Pictures within the data are to be left out; everything else must be reproduced exactly.

** DATA BELOW follows **

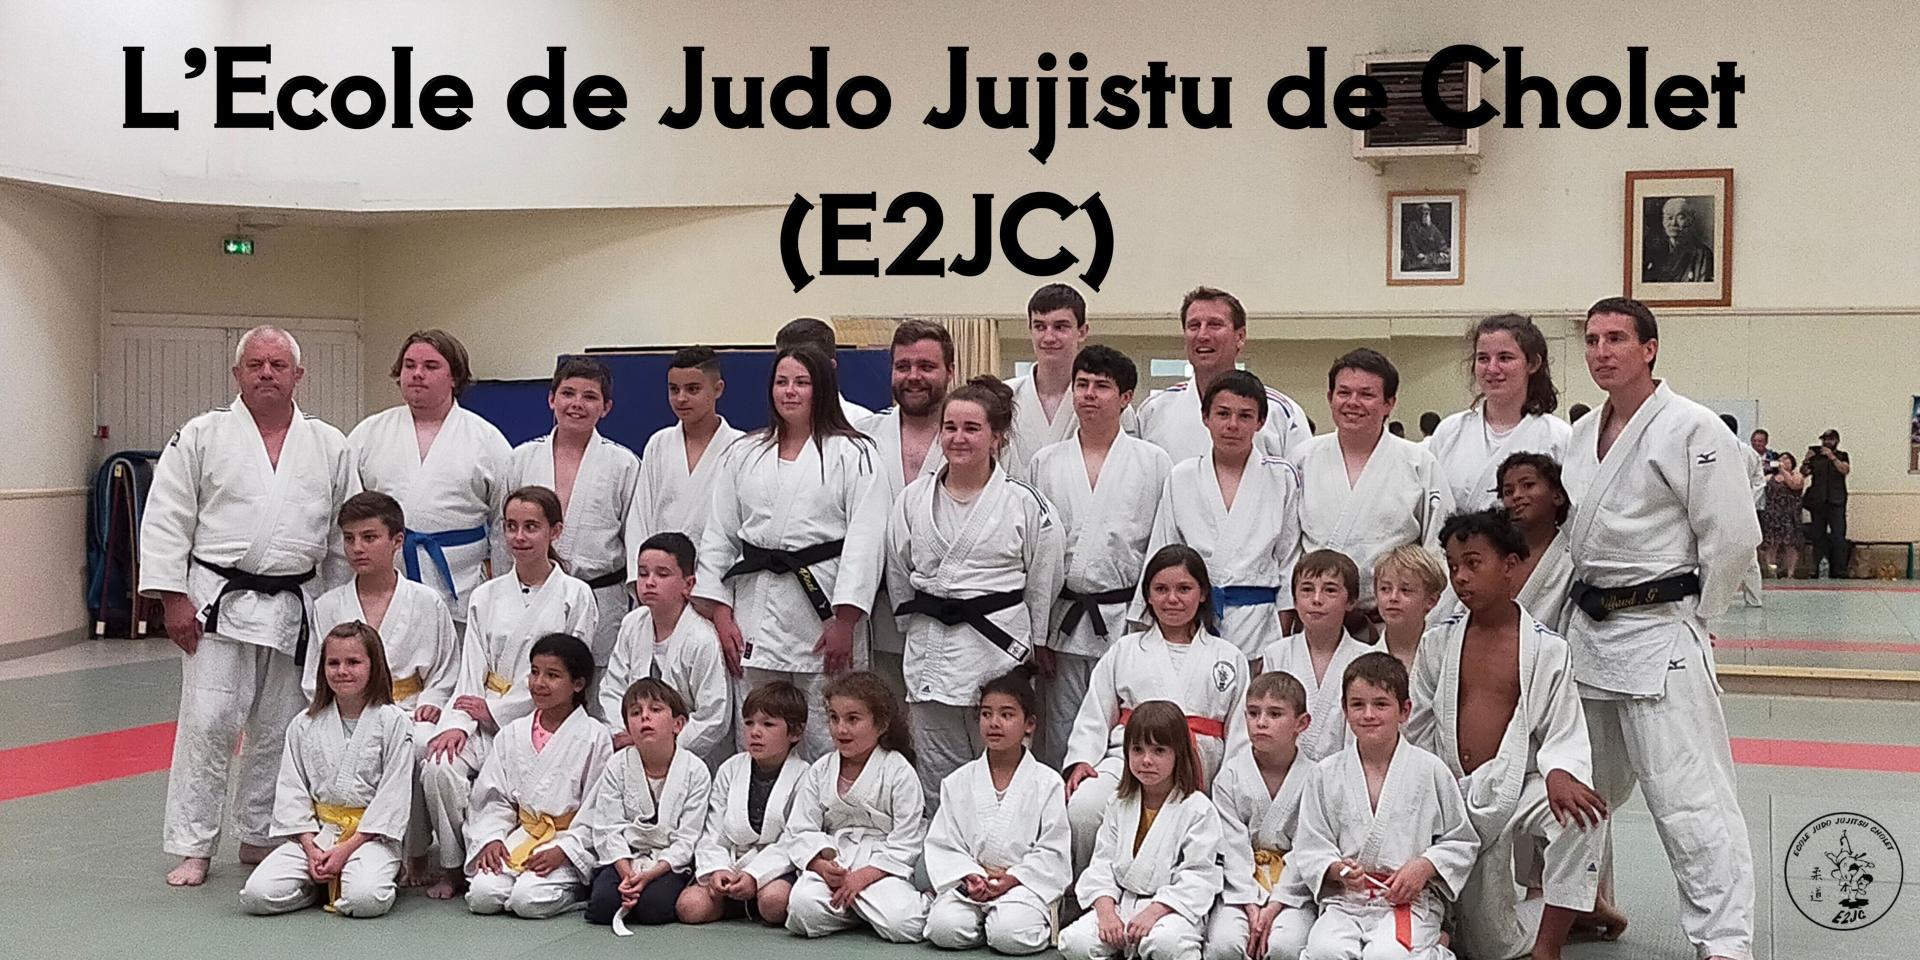 L ecole de judo jujistu de cholet e2jc 1
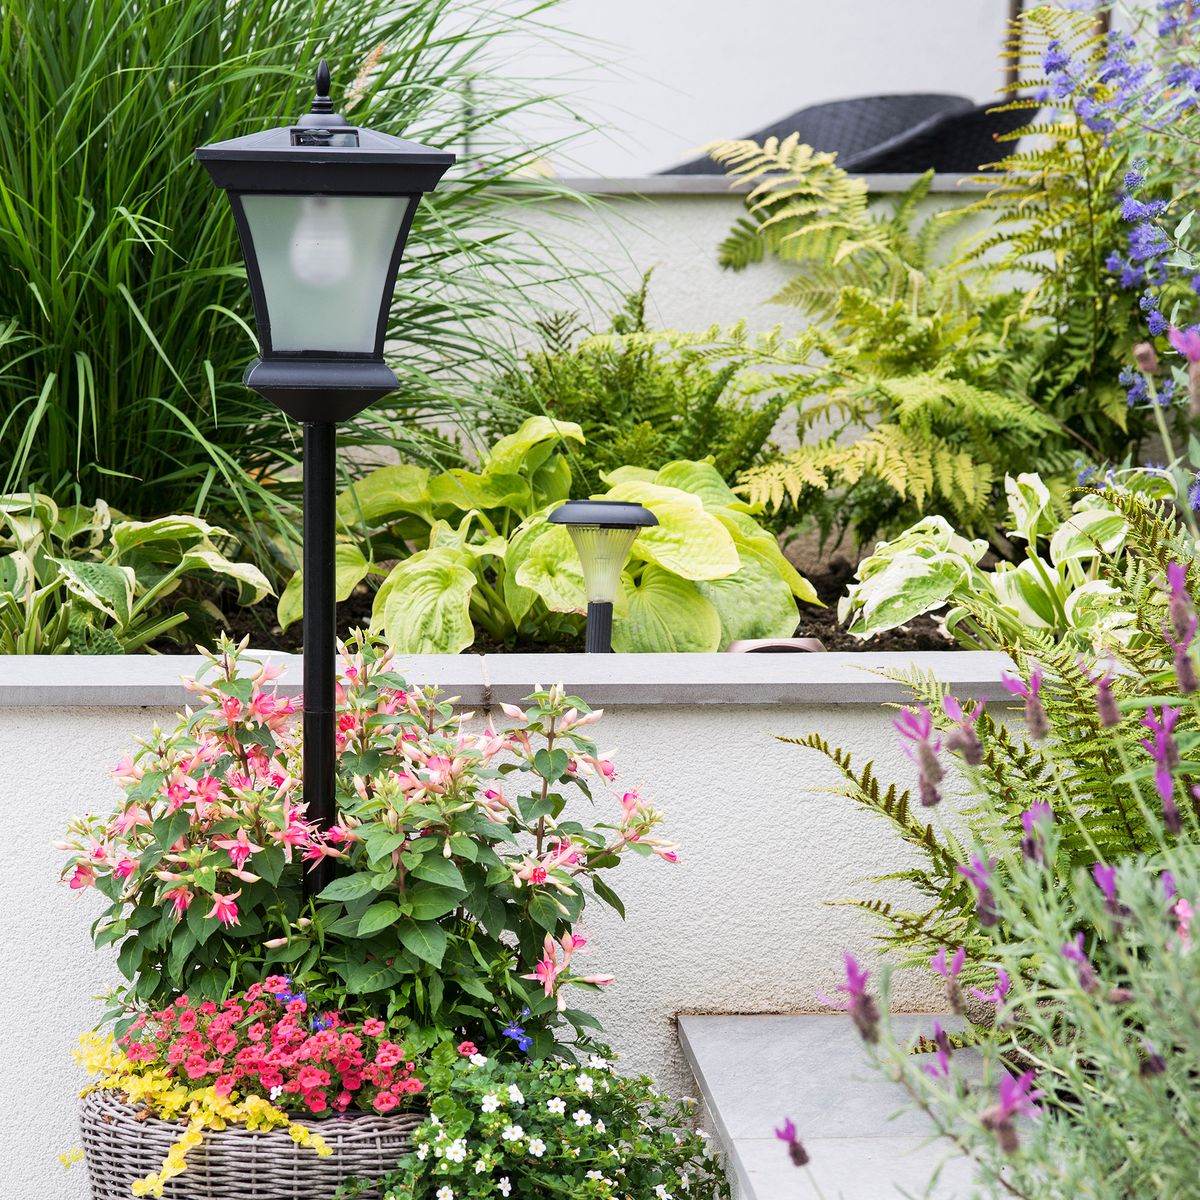 10 deck lighting ideas to brighten your outdoor space
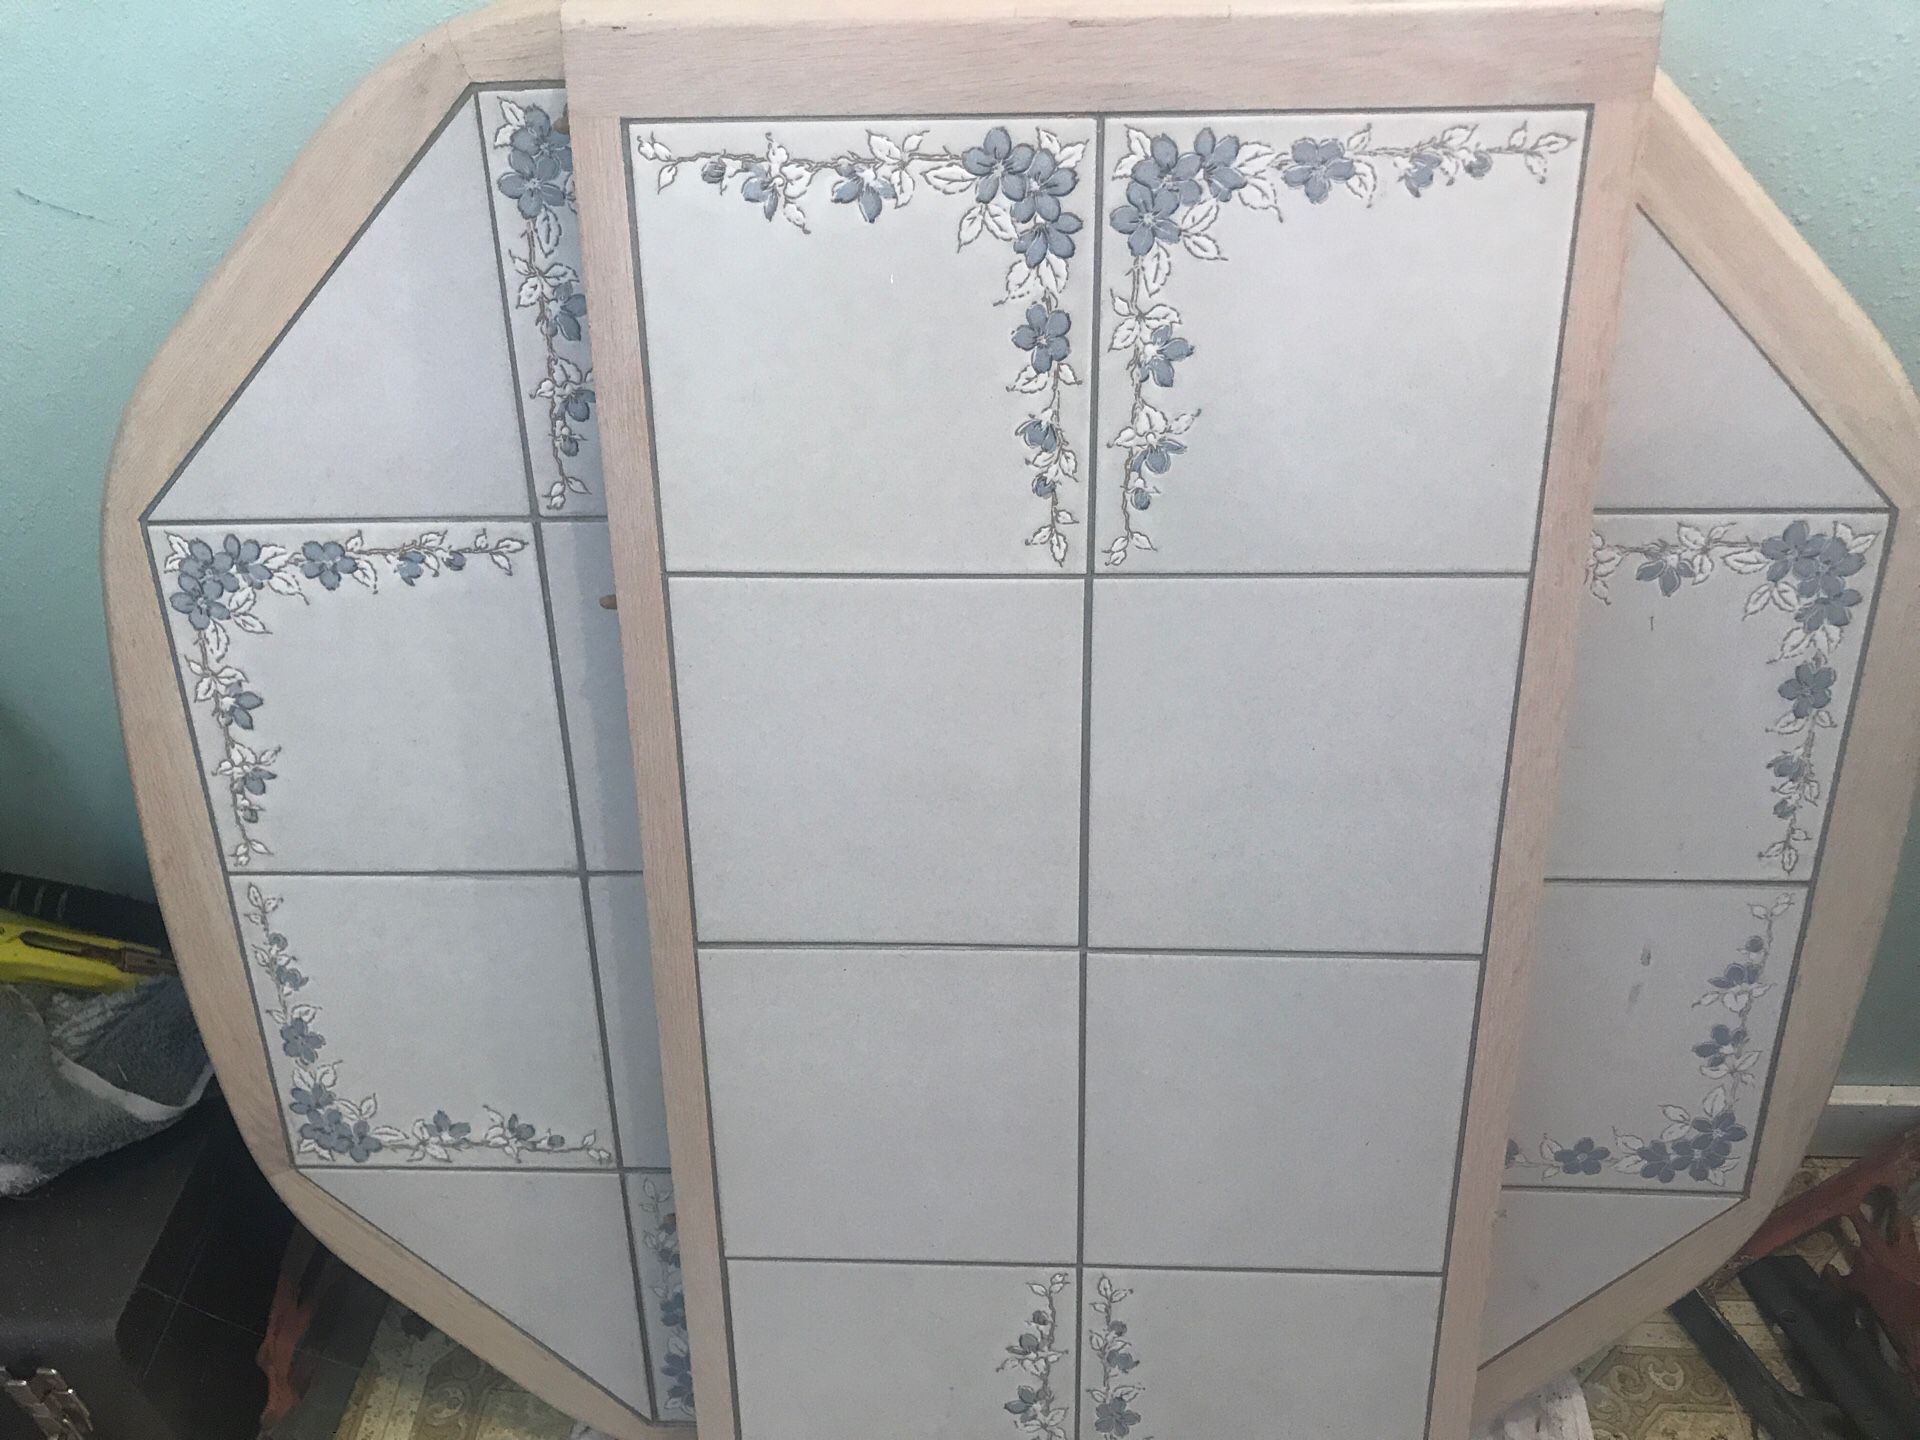 Tile top kitchen table

** End of DATA BELOW **

→ **ANSWER SPACE**:
 L ecole de judo jujistu de cholet e2jc 1
 10 deck lighting ideas to brighten your outdoor space
 Tile top kitchen table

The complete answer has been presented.